[DATA SUPPLIED — start]

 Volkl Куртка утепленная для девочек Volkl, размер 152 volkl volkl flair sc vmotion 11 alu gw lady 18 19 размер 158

[DATA SUPPLIED — finish]
[DATA SUPPLIED — start]

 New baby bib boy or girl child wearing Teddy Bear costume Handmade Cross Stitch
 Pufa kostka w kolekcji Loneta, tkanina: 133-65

[DATA SUPPLIED — finish]
[DATA SUPPLIED — start]

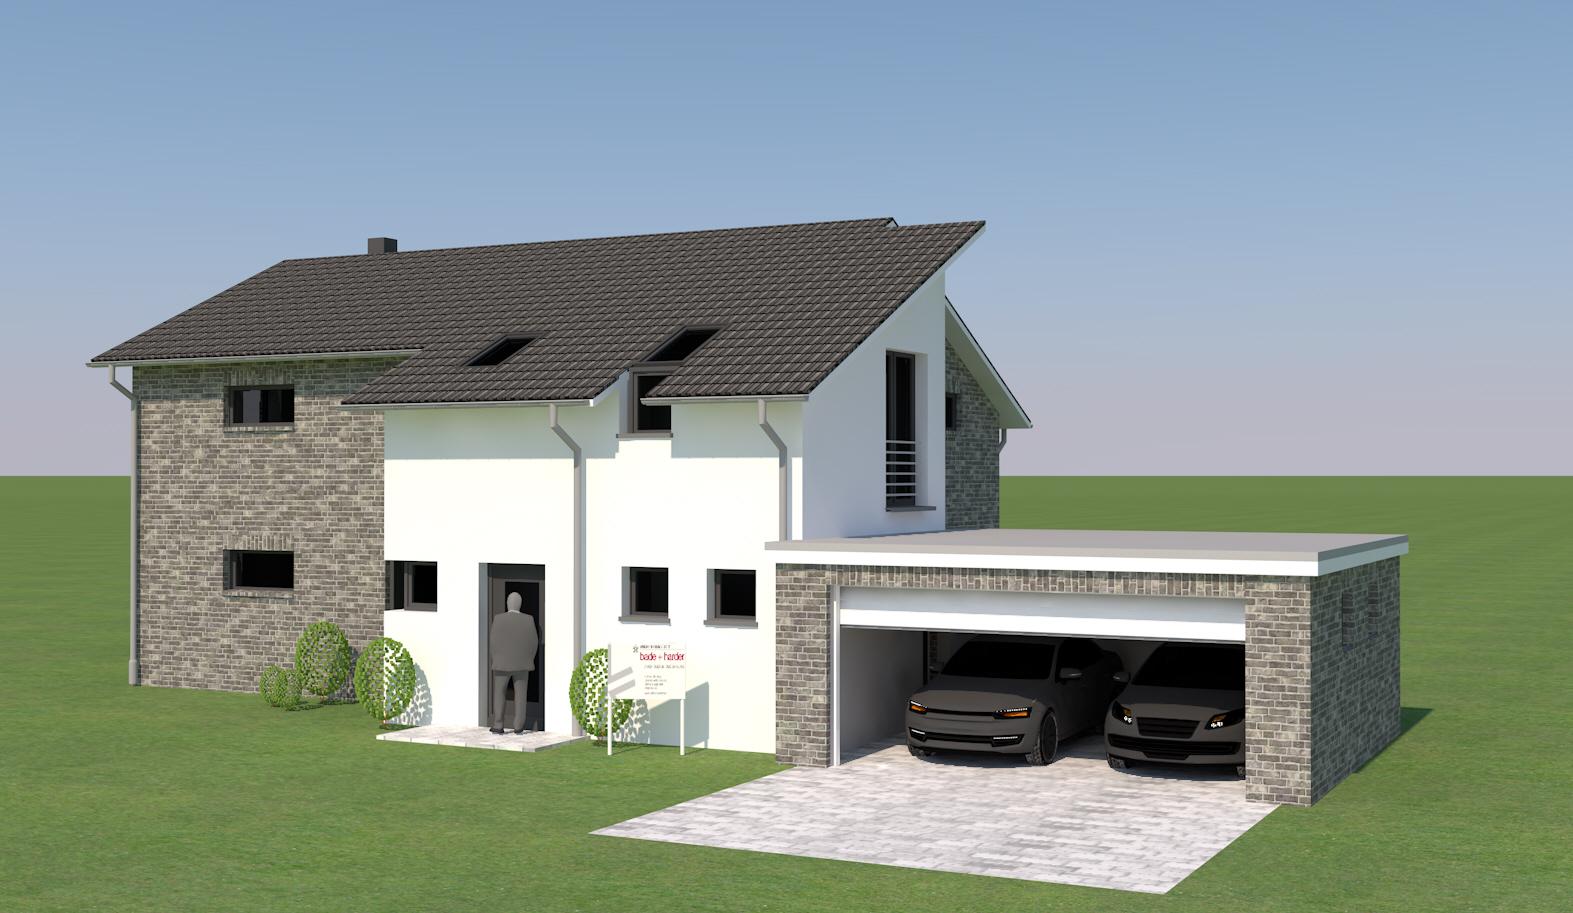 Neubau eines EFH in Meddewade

[DATA SUPPLIED — finish]

In the entries above, find the line with "New baby bib" and the line with "Pufa kostka w", then set down exactly those two and every line between them, nothing else.

 New baby bib boy or girl child wearing Teddy Bear costume Handmade Cross Stitch
 Pufa kostka w kolekcji Loneta, tkanina: 133-65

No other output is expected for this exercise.